- [Source material]
*** Block opens ***

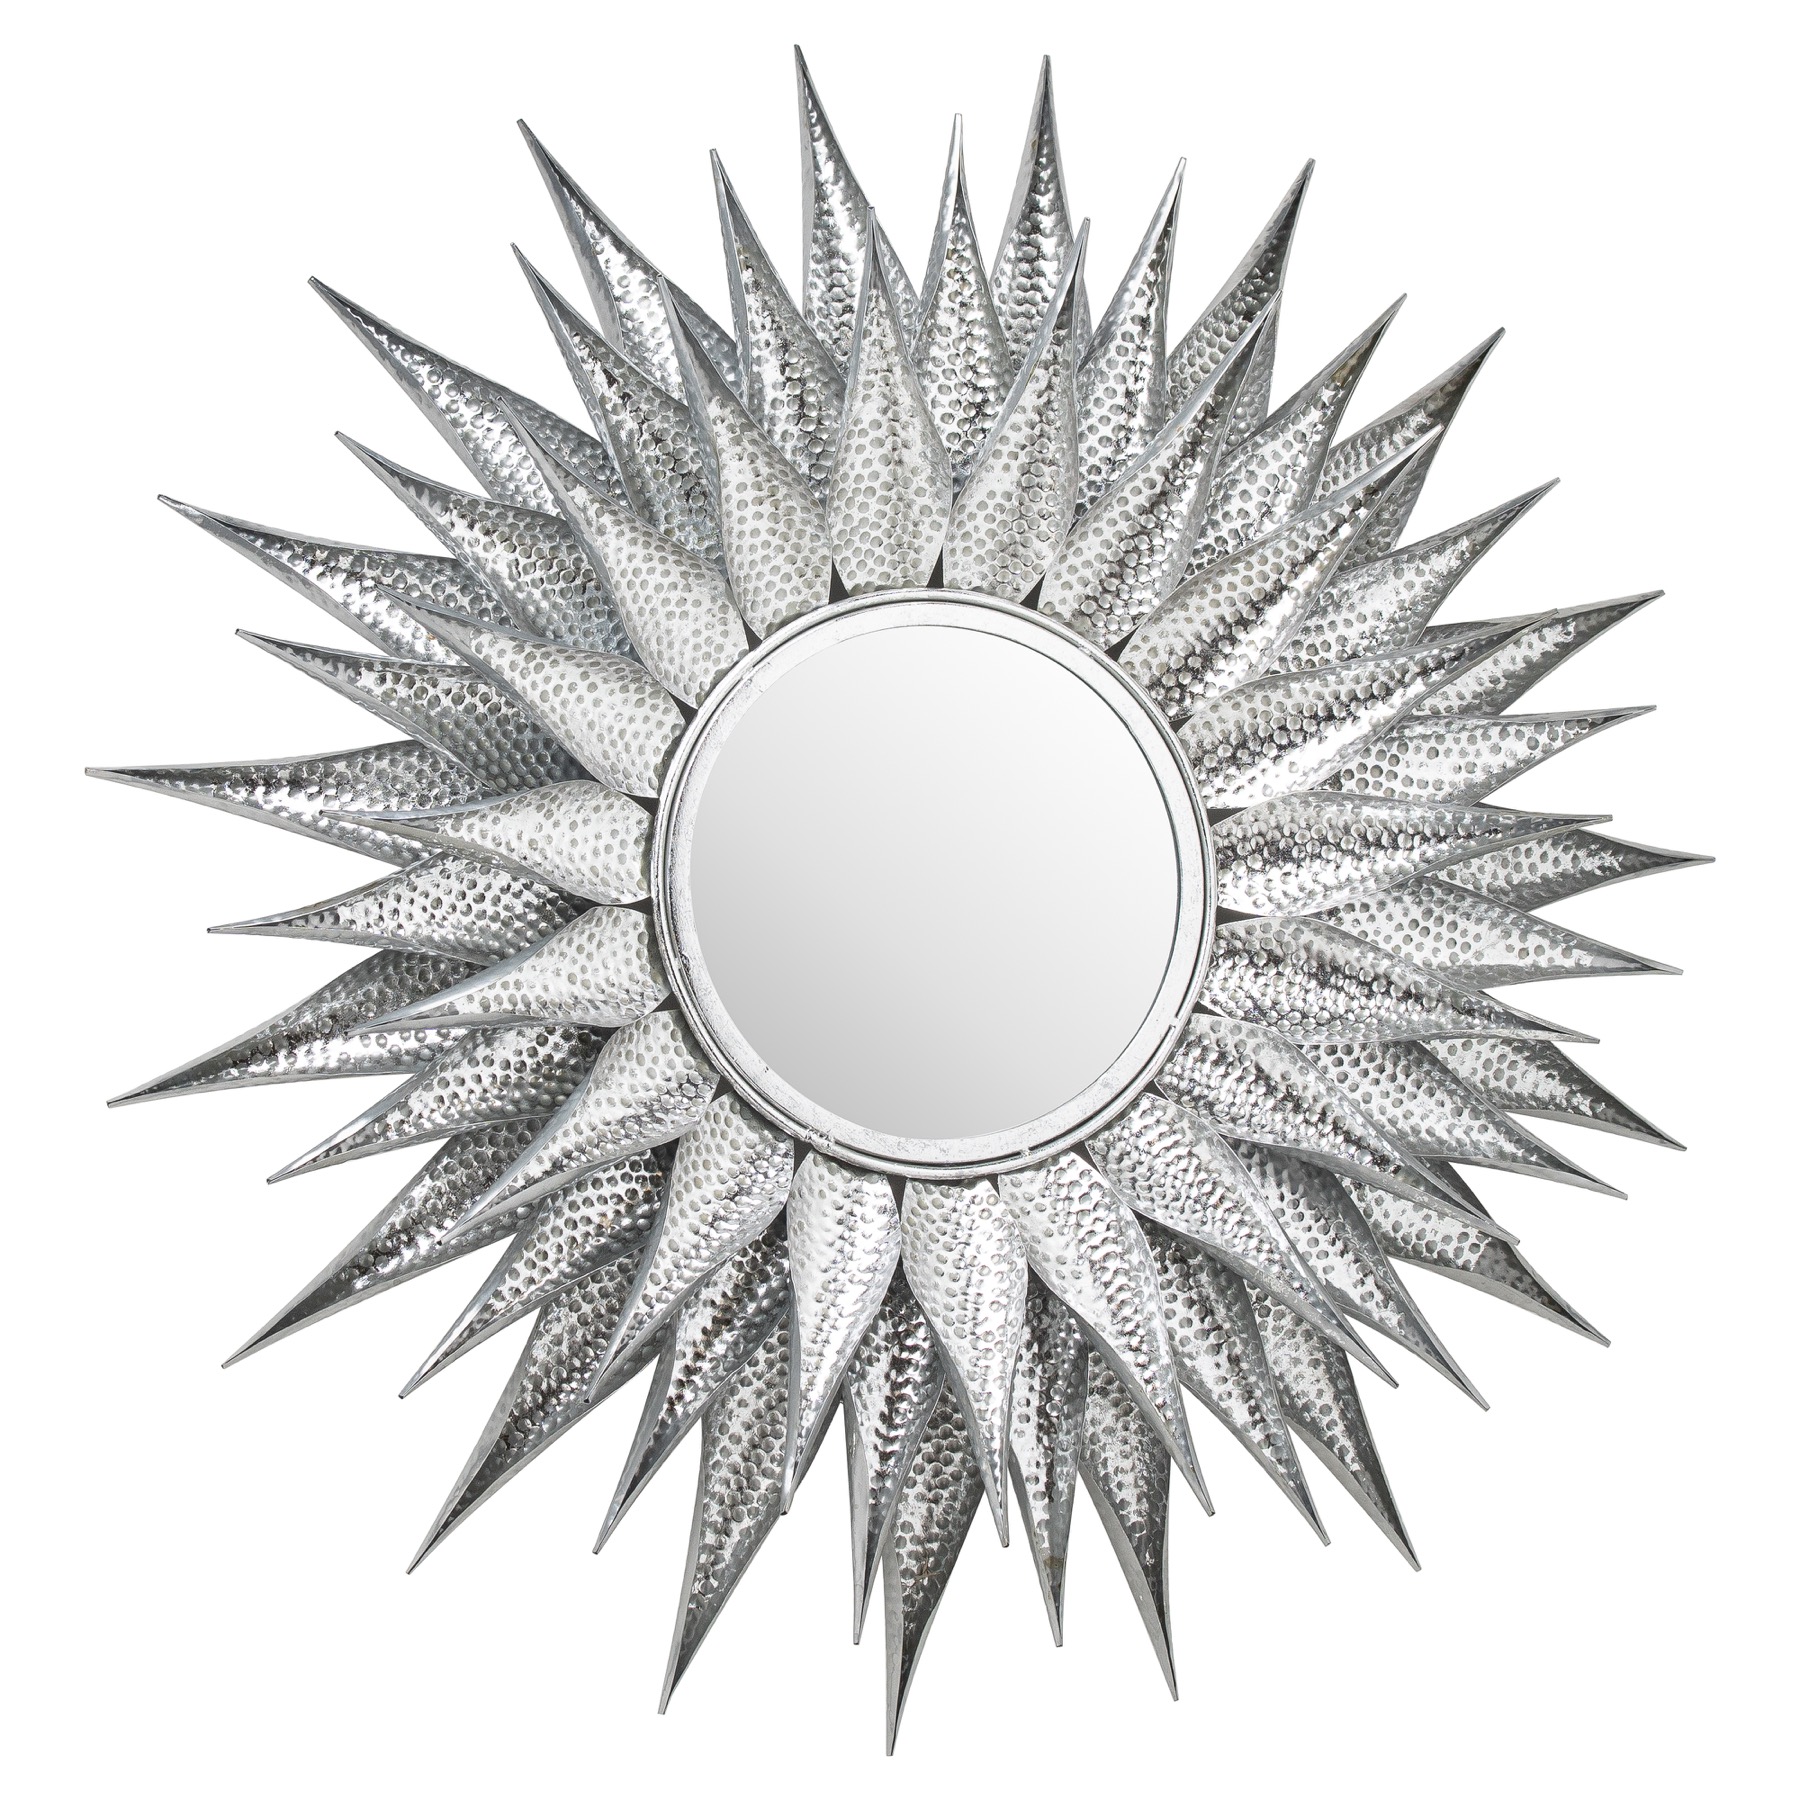 Ohlson Silver Large Sunburst Mirror - Image 1
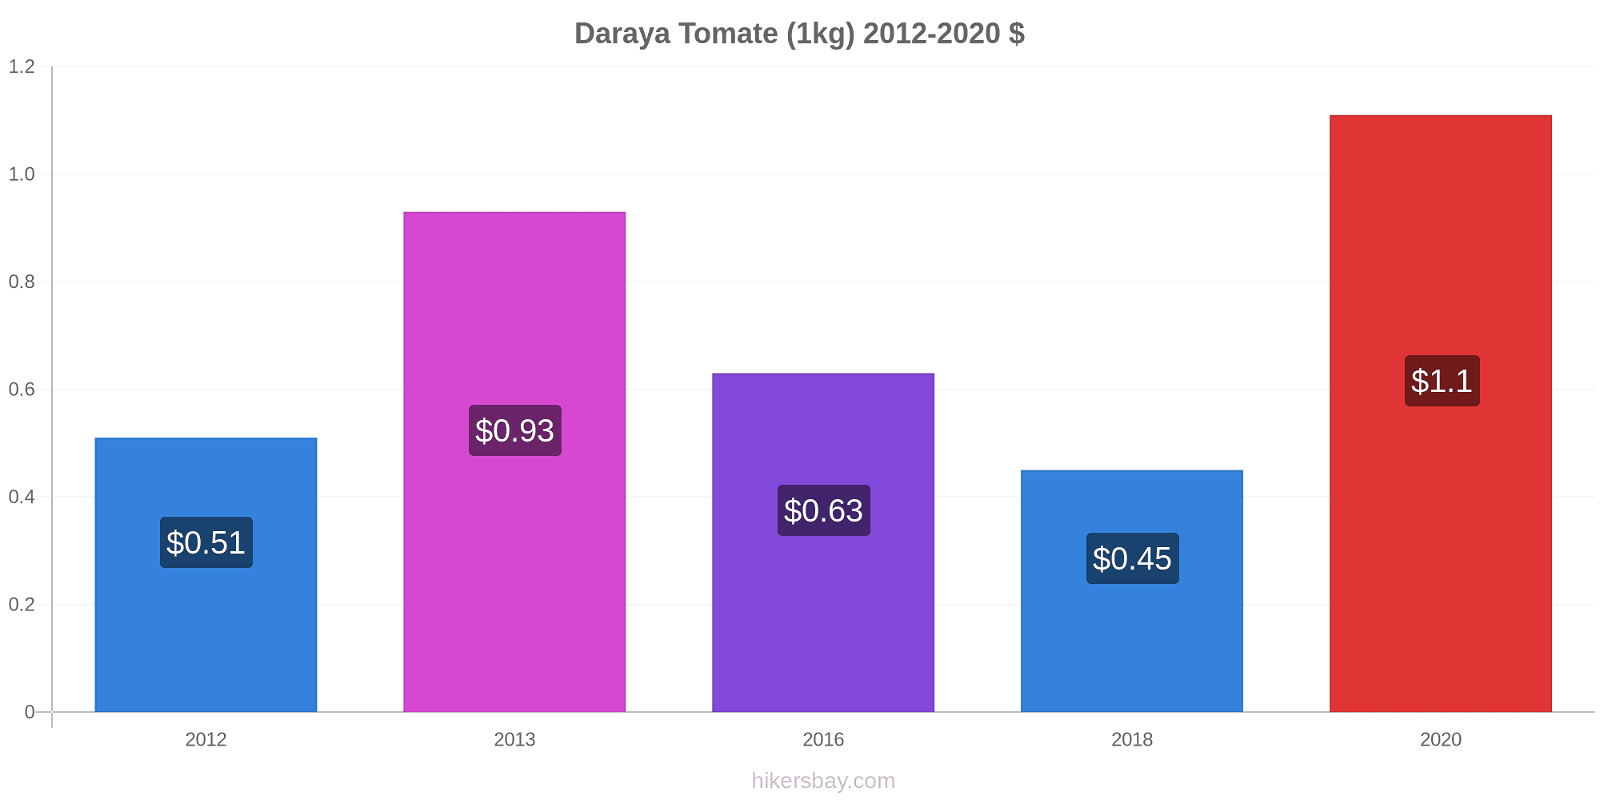 Daraya cambios de precios Tomate (1kg) hikersbay.com
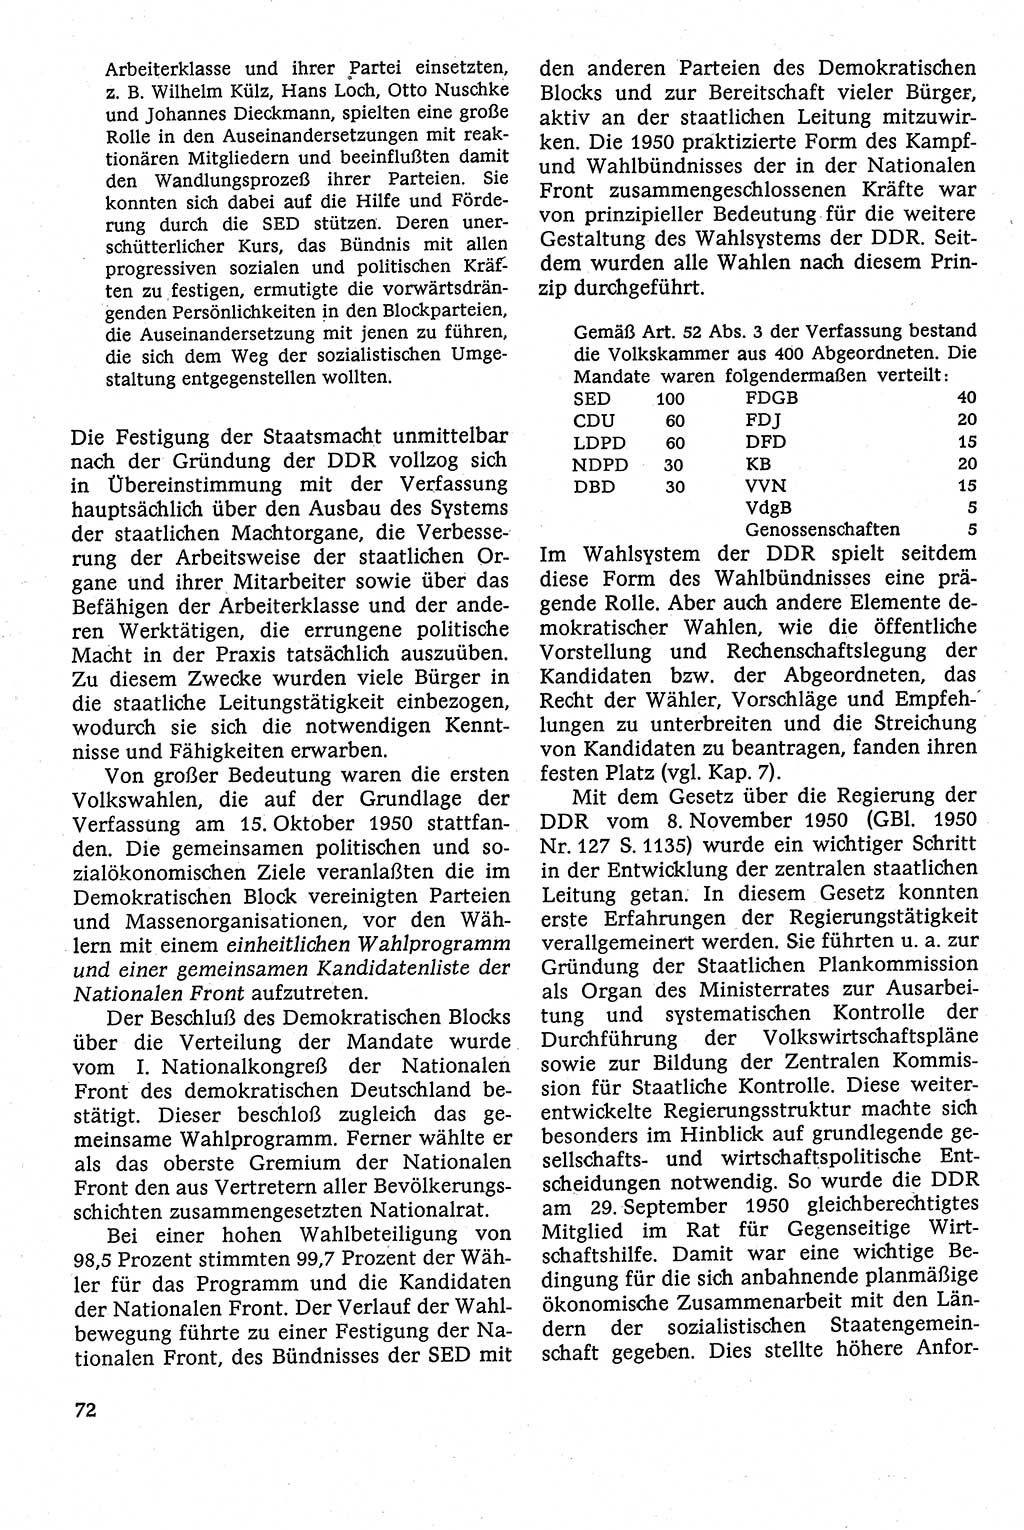 Staatsrecht der DDR [Deutsche Demokratische Republik (DDR)], Lehrbuch 1984, Seite 72 (St.-R. DDR Lb. 1984, S. 72)
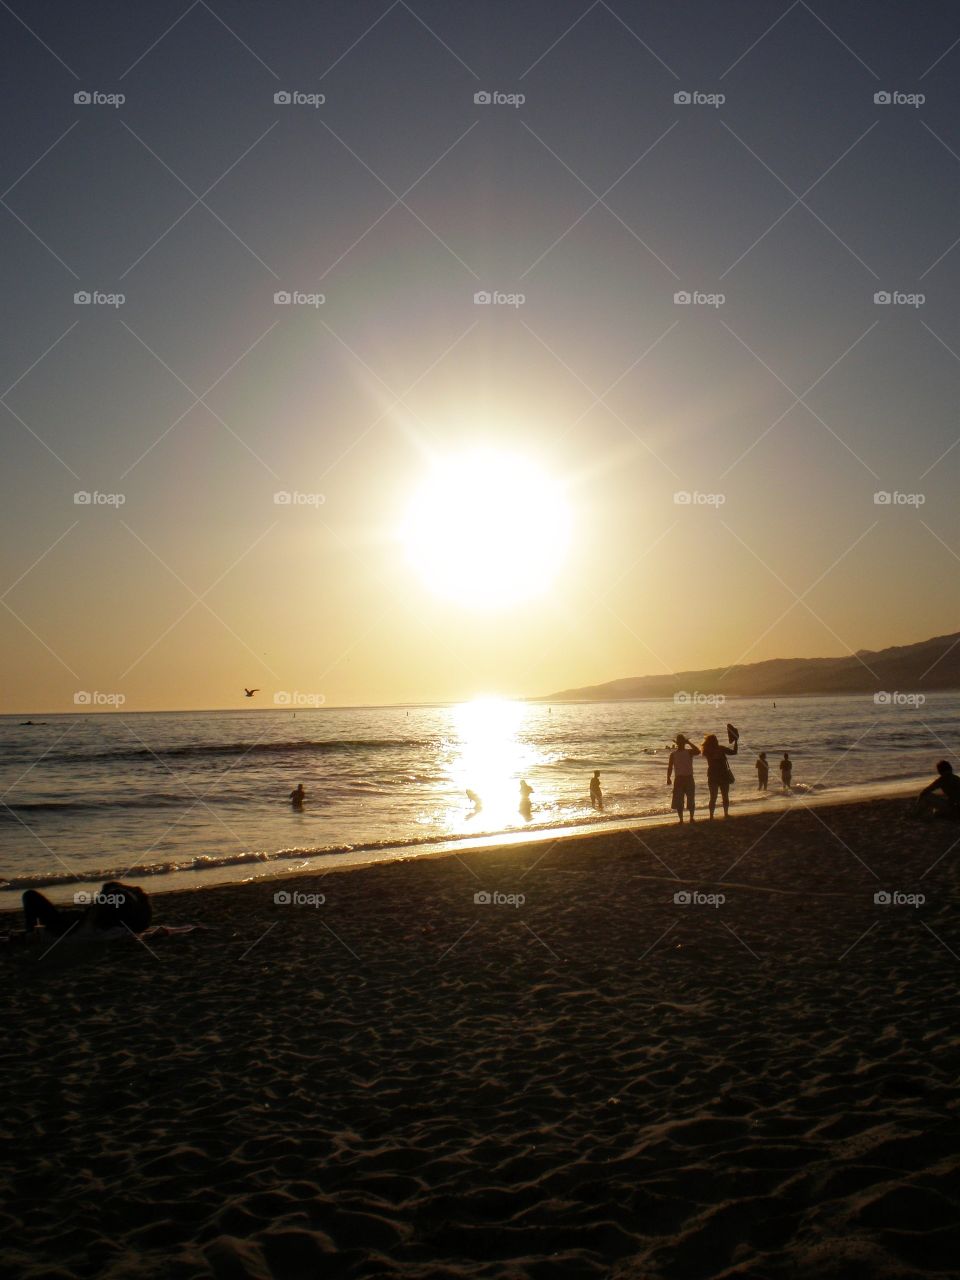 Sunset on California beach

*** Block closes ***

- [Task to carry out]
Take the whole listing above and copy it exactly. Pictures do not go into the copy.

- [Solution to the problem]
 Ohlson Silver Large Sunburst Mirror - Image 1
 Daraya cambios de precios Tomate (1kg) hikersbay.com
 Staatsrecht der DDR [Deutsche Demokratische Republik (DDR)], Lehrbuch 1984, Seite 72 (St.-R. DDR Lb. 1984, S. 72)
 Sunset on California beach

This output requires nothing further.